Task 3 - Monitor pipelines

After you finish building and debugging your data flow and its associated pipeline, you will want to monitor the execution of the pipeline and all of the activities contained within it, including the Data Flow activity. In this task, you review the pipeline monitoring functionality in Azure Synapse Analytics using the pipeline run you initiated at the end of the previous task.

  1. In Synapse Studio, select Monitor from the left-hand menu.

    Monitor is selected and highlighted in the Synapse Analytics menu.

  2. Under Integration, select Pipeline runs.

    Pipeline runs is selected and highlighted under the Orchestration section of the monitor resource list.

  3. Select the Exercise 2 - Enrich Data_A03 pipeline the list. This will have a status of In progress.

    The first "Exercise 2 - Enrich Data" item in the list of pipeline runs is highlighted.

  4. On the pipeline run details screen, you will see a graphical representation of the activities within the pipeline, as well as a list of the individual activity runs. Both provide status indicators for each activity.

    This view allows you to monitor the overall status of the pipeline run, and observe each activity's status within the pipeline. The screen will auto-refresh for five minutes. If auto-refresh does not occur or your pipeline run takes longer than five minutes, you can get updates by selecting the Refresh button on the canvas toolbar.

    The pipeline run canvas is displayed, with activities list in the graph and in a list for in the Activity runs panel.

  5. To get a better understanding of the types of information you can get from the monitoring capabilities, let us explore what information is available for each activity in the Activity runs list. Start by hovering your mouse cursor over the Import Customer dimension activity and select the Output icon that appears.

    The output icon is highlighted on the Import Customer dimension activity row.

  6. In the Output dialog, you will see details about the size of data read and written, the number of rows read and copied, the duration of the copy activity, and other information relating to the copy activity run. This information can be used for things like troubleshooting. For example, you could compare the copy run to data, such as the number of rows read and written, to expected numbers from the source and sink.

    The Output dialog for the Import Customer dimension activity is displayed.

  7. Close the Output dialog.

  8. Next, hover your mouse cursor over the Import Customer dimension activity again, this time selecting the Details icon that appears.

    The Details icon is highlighted on the Import Customer dimension activity row.
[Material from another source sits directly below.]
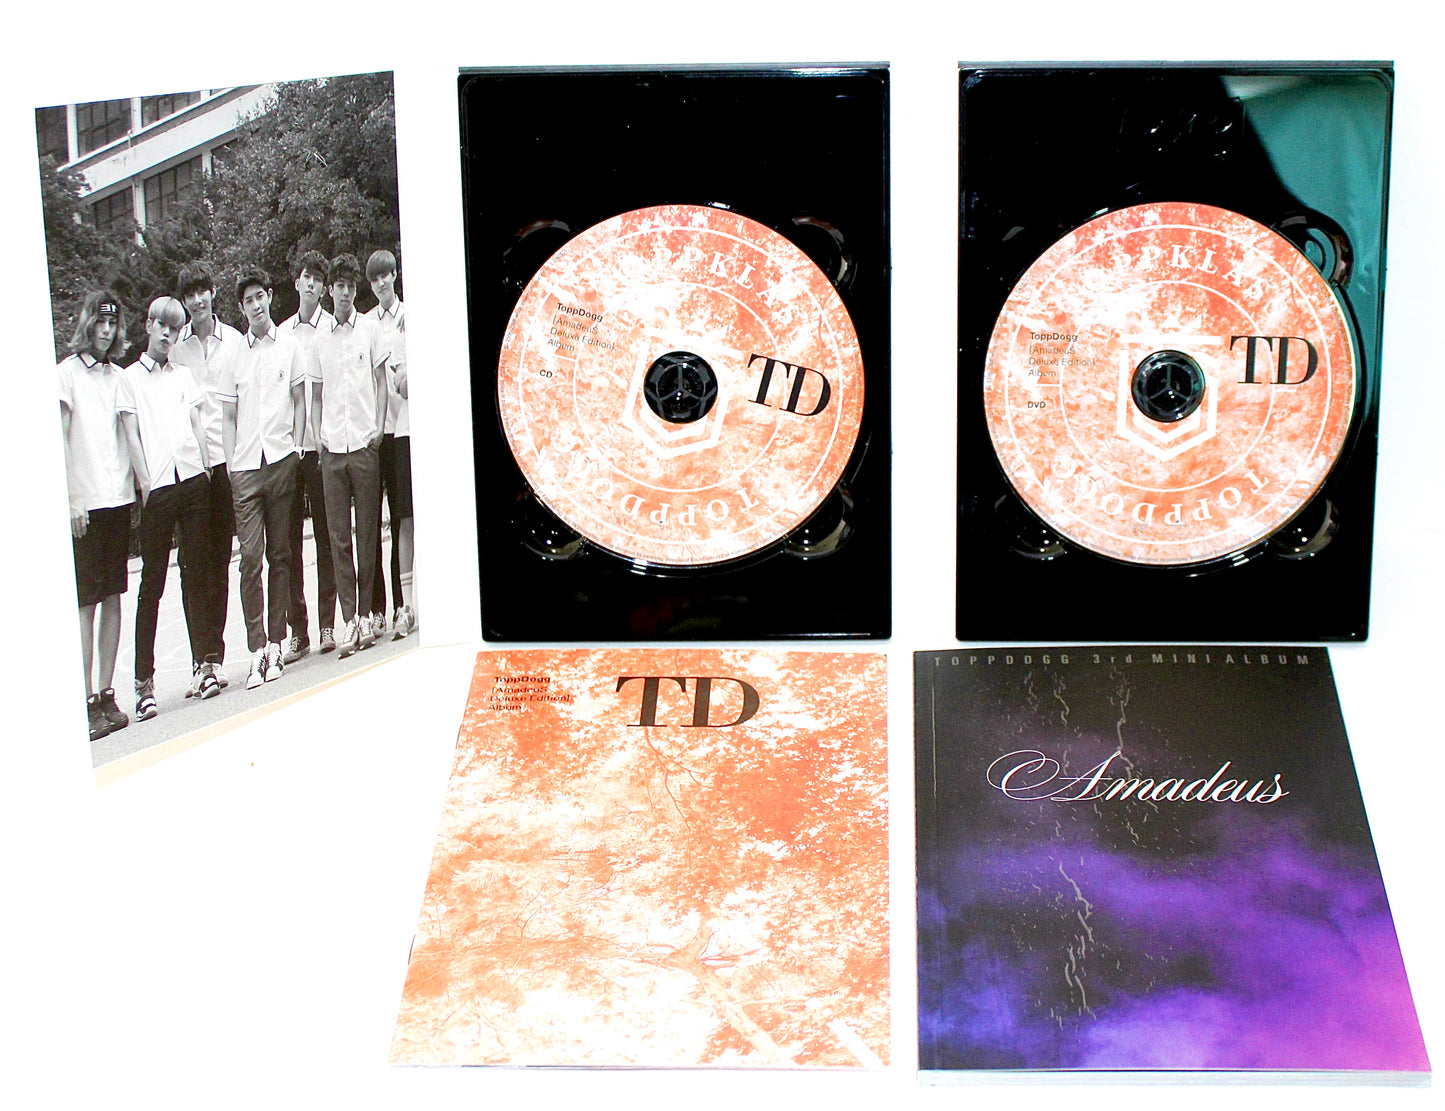 TOPPDOGG 3rd Mini Album: AmadeuS Deluxe Edition

  9. The Details dialog provides the data found on the Output dialog examine above but expands on that to include graphics for the source, staging storage, and sink, and a more detailed look at the activity run.

    The Details dialog for the copy activity is displayed.

  10. Close the Details dialog.

  11. When the pipeline execution completes, all activity runs will reflect a status of Succeeded.

    A screenshot of the activity runs for the Exercise 2 - Enrich Data pipeline is displayed with all activities showing a status of Succeeded.

  12. When the Enrich Customer Data activity has a status of Complete, hover your mouse cursor over the Enrich Customer Data activity and select the Details icon that appears.

    Note: It can take 5-7 minutes for the Enrich Customer Data activity to complete. You may need to select Refresh on the Monitoring toolbar to see the status update if your pipeline run takes longer than five minutes.

    The Details icon is highlighted on the Enrich Customer Data Mapping Data Flow activity row.

  13. The Details dialog for data flow details takes you to a full-screen view of your data flow.

    The initial view provides a details panel containing statistics for the sinks defined within the data flow. The information for these includes the number of rows written and the processing times for writing to each sink.

    The data flow Details dialog is displayed.

  14. Select the SelectDesiredColumns transformation step of the data flow.

    Selecting any component of the data flow opens a new panel with details about the processing that occurred for that component.

    The SelectDesiredColumns transformation step is highlighted in the graph on the details dialog.

  15. Try selecting another component, such as the EnrichCustomerData sink, and view the information available.

    The EnrichCustomerData sink component is highlighted in the graph, and the associated details panel is displayed on the right-hand side of the screen.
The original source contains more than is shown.